After the acquisition of Buffalo Wild Wings in 2018, the Inspire Brands management team identified a discrepancy in the brand’s proportion of total sales from beer compared to the industry standard for sports bars. The team stated that this difference stems from inconsistencies between beer supplied and demanded and a lack of data-driven insights within the beer selection process. The team expressed the need to move from a corporate-level selection process to a sports bar-level selection process to account for the growing shift in demand from national, well-recognized brands to regional, hyper-local brands. With these challenges in mind, two opportunities have been identified to address the design problems. First, create product demand forecasting on at the sports bar level, and second, streamline the beer selection process. Both opportunities are completed as a proof of concept based upon the sports bar locations in Georgia. By doing so, the proposed system will generate the most profitable product mixes on a sports bar-by-sports bar and month-by-month basis. The objective of this project is to increase profit in a two-fold process by 1) increasing revenue through capturing market potential and 2) decreasing costs through minimizing unused product.
To address the challenges, the design strategy is divided into three distinct stages: the training, processing, and solving stage. The first stage is the training stage. This stage utilizes a product demand forecasting model trained on historical sales data to understand which beers worked well on tap and why. The next stage is the processing stage. This stage utilizes the product demand forecasting model’s predictions to calculate the marginal value (i.e. additional profit) of adding a beer style to a product mix. Lastly, the solving stage utilizes an integer program optimization model that evaluates the marginal values for each beer style and solves for the product mix of highest profit. Lastly, the final output/deliverable is the monthly selection of beer styles at each sports bar, constrained by the number of taps available at a particular bar. The deliverable also contains the projected volume demanded for a beer during a given month. Each stage possesses its own validation approach, ranging from performance plotting to statistical analysis to sensitivity analysis.
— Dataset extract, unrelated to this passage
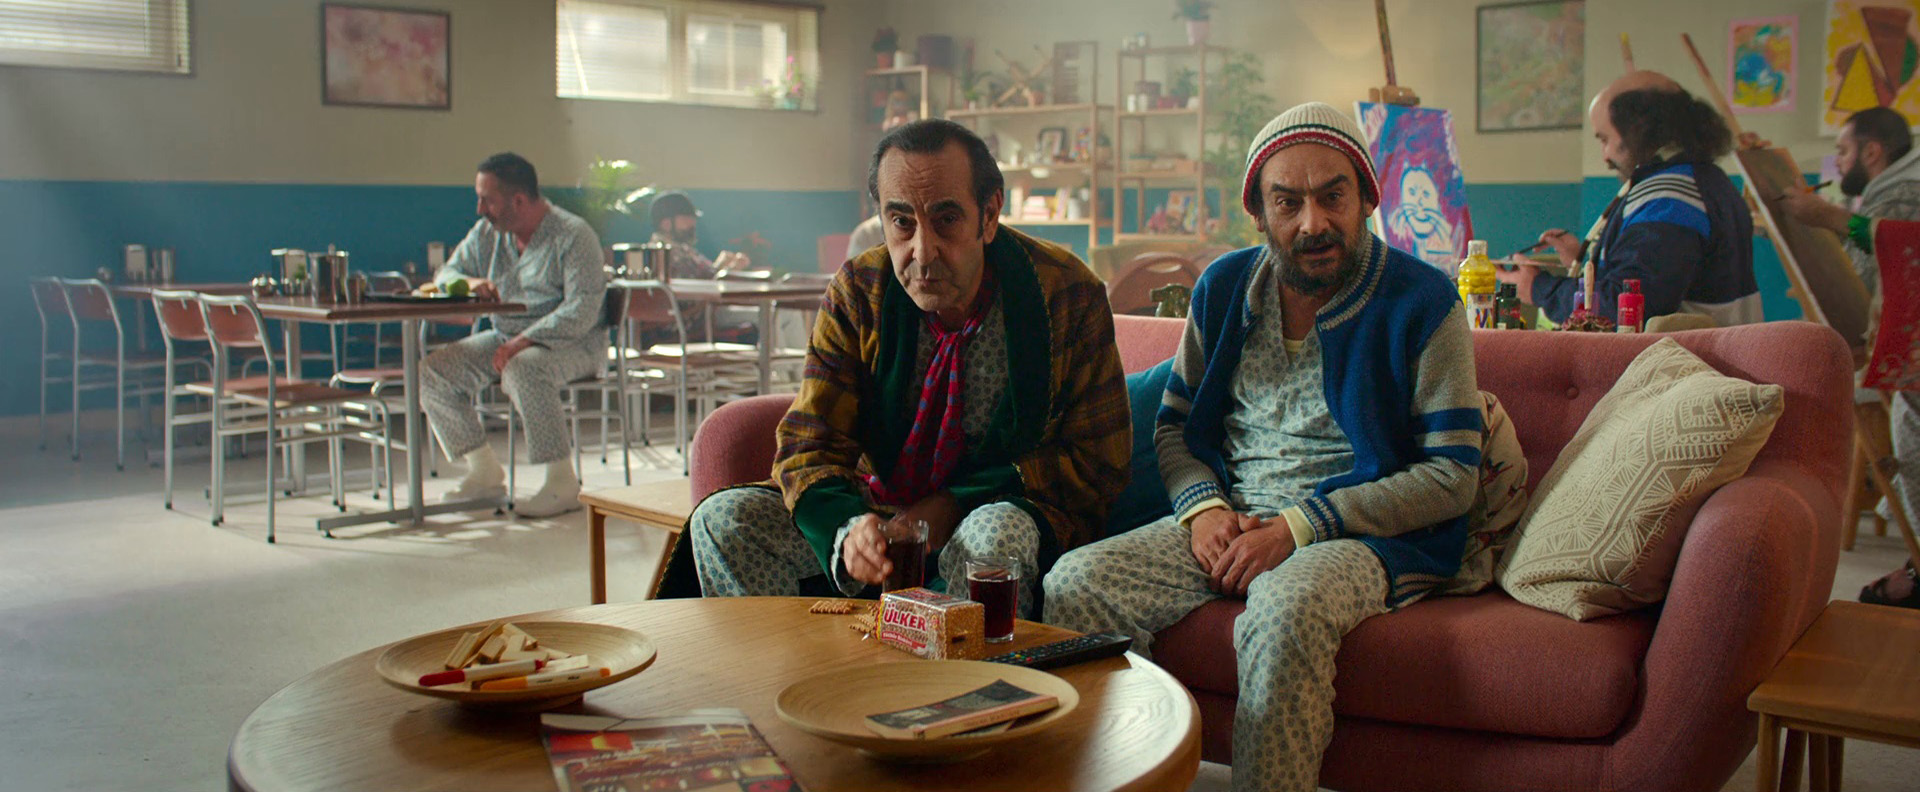 Karakomik Filmler 2: Deli - Emanet | 2020 | Yerli Film | NF | WEB-DL | XviD | Sansürsüz | 720p - 1080p - m720p - m1080p | WEB-DL | Tek Link

The deliverable provided to the client encapsulates the three stages of the design strategy into a user-friendly application, called the Product Mix Selection Application. Once implemented, this application can utilize any inputted data from a given time period and region in the country. The Product Mix Selection Application, a locally-run desktop application, enables the Buffalo Wild Wings team to generate sports bar-specific monthly product mixes. The application’s interface utilizes human-computer interaction design principles and is minimalistic and intuitive. In addition, an accessible Help window, regular feedback on calculation progress, and carefully designed affordances aid in user adoption. In a series of button clicks, users have the ability to upload point of sales data, cost data, and promotional data to train the model. The last step outputs a CSV file of sports bar-specific monthly product mixes for the desired time period, including a range of values for expected demand.
Value and Impact
The value of the project is measured by comparing the proposed system’s projected profit to historical profit in 2019. After finding the difference between those two values, the proposed system observed, an increase in annual profit per sports bar, thus leading to a $"confidential" increase in annual profit across all corporate locations in Georgia. In regards to increasing profit, the proposed system observed a $"X" average annual increase in sales per sports bar by capturing market potential and thus providing customers with the beer they want to drink. Additionally, the proposed system observed a $"Y" average annual increase in costs per sports bar. Costs will increase when more demand is introduced into the system due to the fact that the system experiences such an increase in sales. Lastly, the proposed system reduces the time that it takes to select which beers to place on tap, moving from a six-month process to a two-week process. As the process is automated and streamlined, the need for assistance in the beer selection process will be minimized.